You may have missed the EEOC’s subtle announcement that changes how employers’ position statements are handled. The EEOC rolled out nationwide procedures that apply to all EEOC requests for position statements made to employers on or after January 1, 2016.
After a Charge of Discrimination is filed with the EEOC, the employer is required to either submit to mediation or provide a position statement. The position statement is an employer’s first chance to give its account of the events regarding the alleged violation. After reviewing the Charge and the employer’s position statement, and conducting an investigation, the EEOC typically determines whether, in its view, harassment, discrimination, or retaliation is likely to have occurred.
Under the revised policy, an employee can now ask for the employer’s position statement and any non-confidential attachments while the Charge is pending. Prior to the revision, an employee would have to wait until he or she filed a lawsuit against the employer to request a copy of the employer’s position statement. It is critical for employers to note that the revised policy is not a two-way street because the EEOC will still only provide employers with the Notice of Charge and the Charge of Discrimination itself.
The new EEOC procedural guidelines apply to any non-confidential attachments accompanying a position statement. The EEOC may redact confidential information before providing the position statement to the employee. It is critical for employers to remember to clearly label confidential information within or attached to the position statement. Within the announcement, the EEOC advises employers to separately label attachments containing confidential information and include an explanation of the confidential nature.

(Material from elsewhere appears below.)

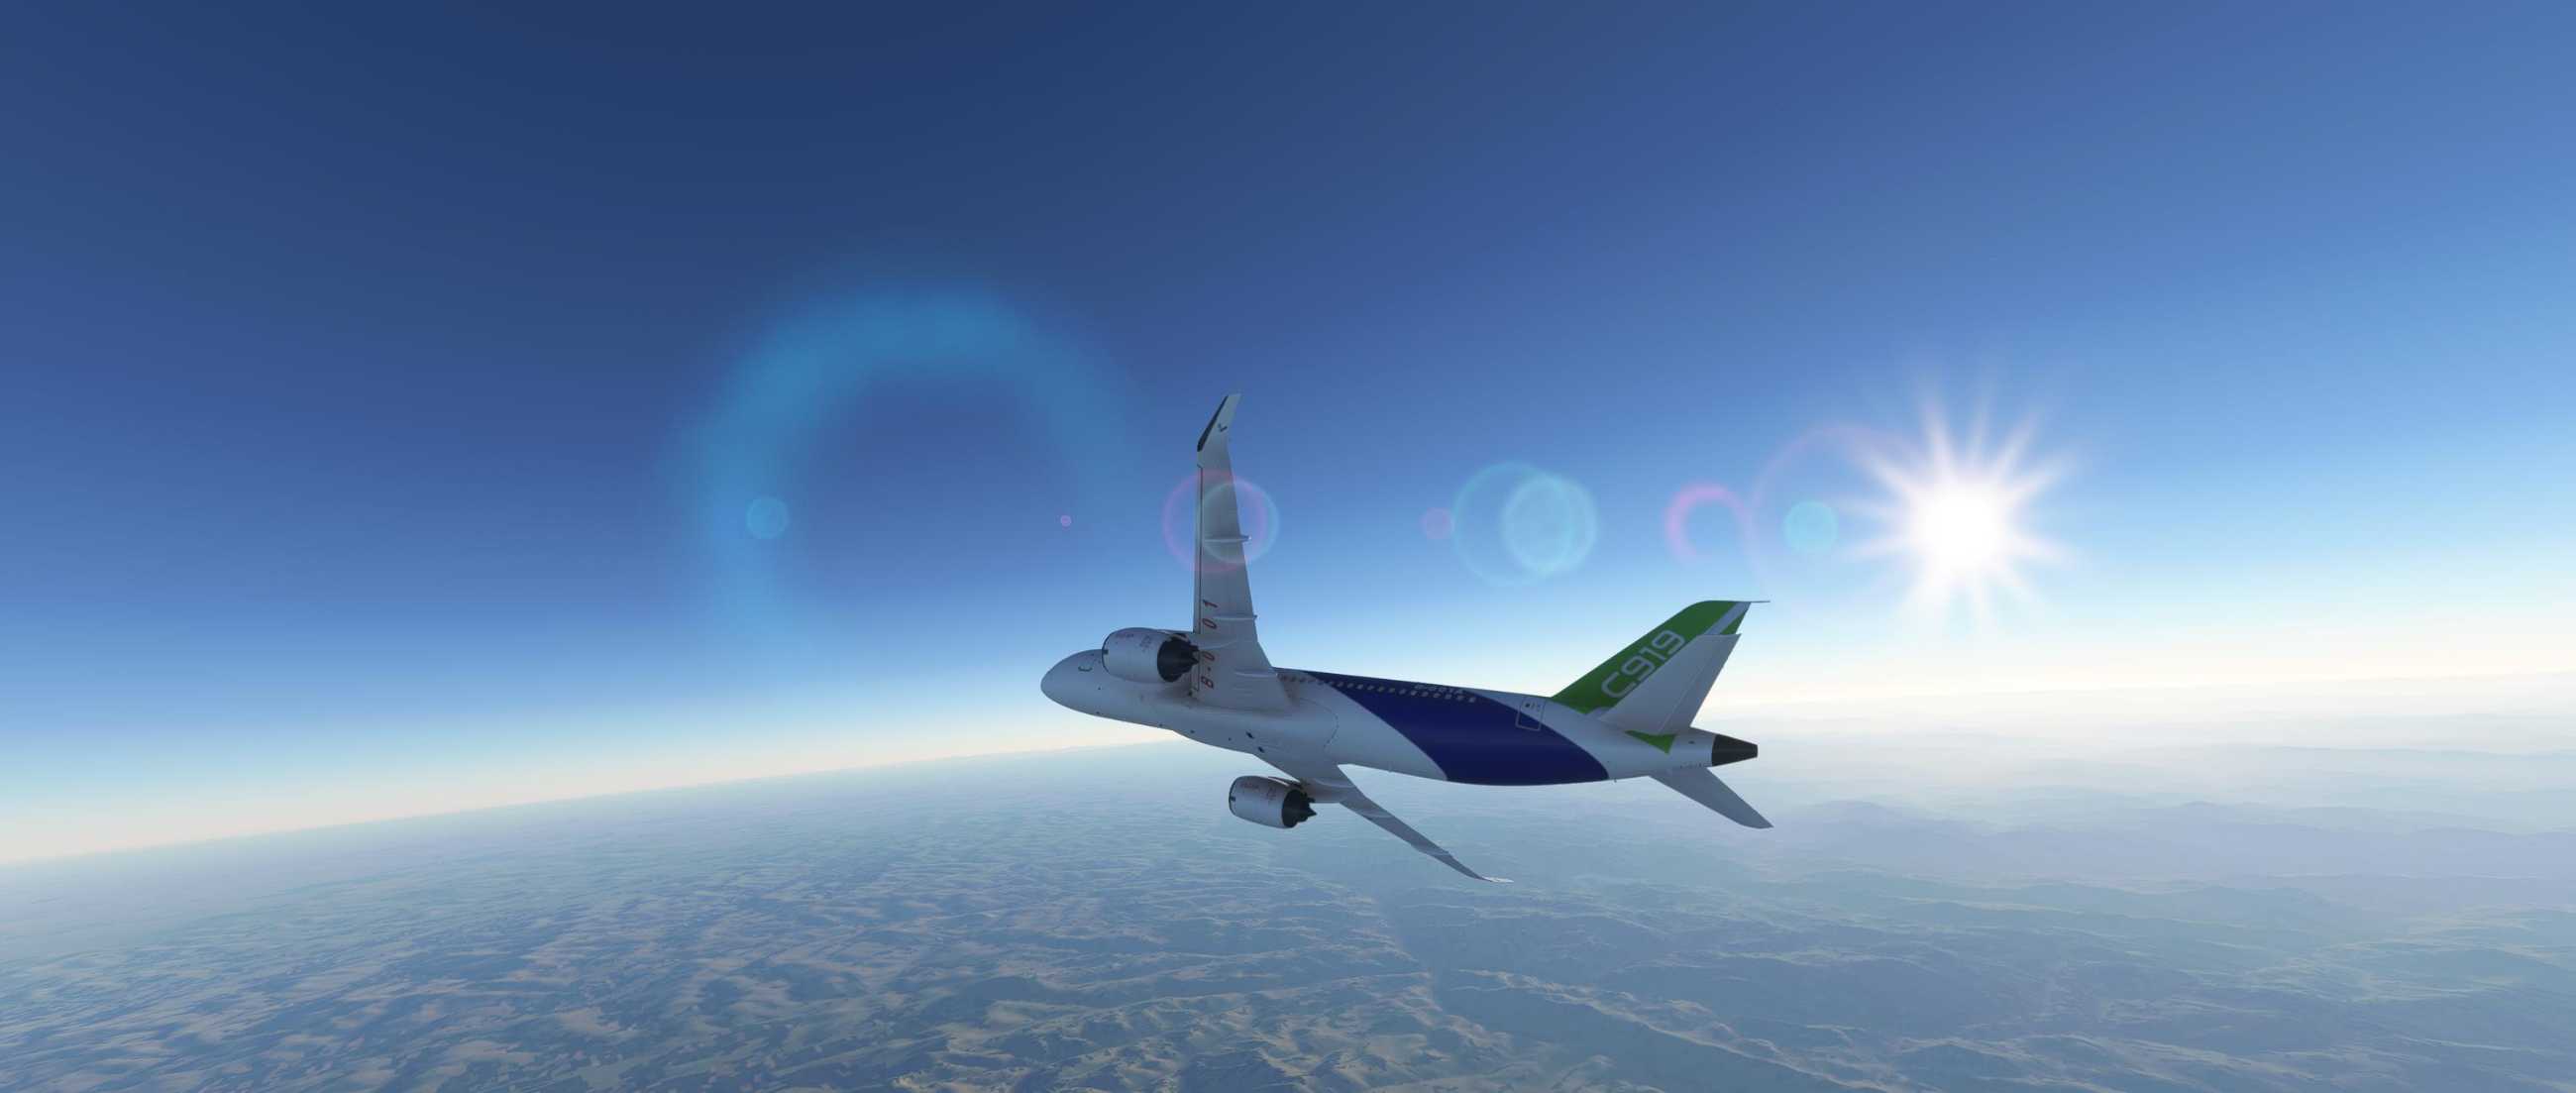 FYCYC-C919 国产大飞机机模 微软模拟飞行演示-2557

The EEOC has posted separate Q&A pages for charging parties/complainants and employers/respondents, addressing issues of importance to each side, and outlining the Commission’s preferred methods for the submission of a position statement and any response to the same. Employers should, as always, thoughtfully draft position statements being careful to accurately articulate the reasons for the adverse action under investigation. Shifting rationales could be enough to establish pretext and expose the employer to liability. It is necessary for employers to fully understand the facts surrounding the Charge before responding. Remember that the position statement may be used by the employee in any future litigation, thus employers should retain experienced employment law counsel to assist in any EEOC investigation.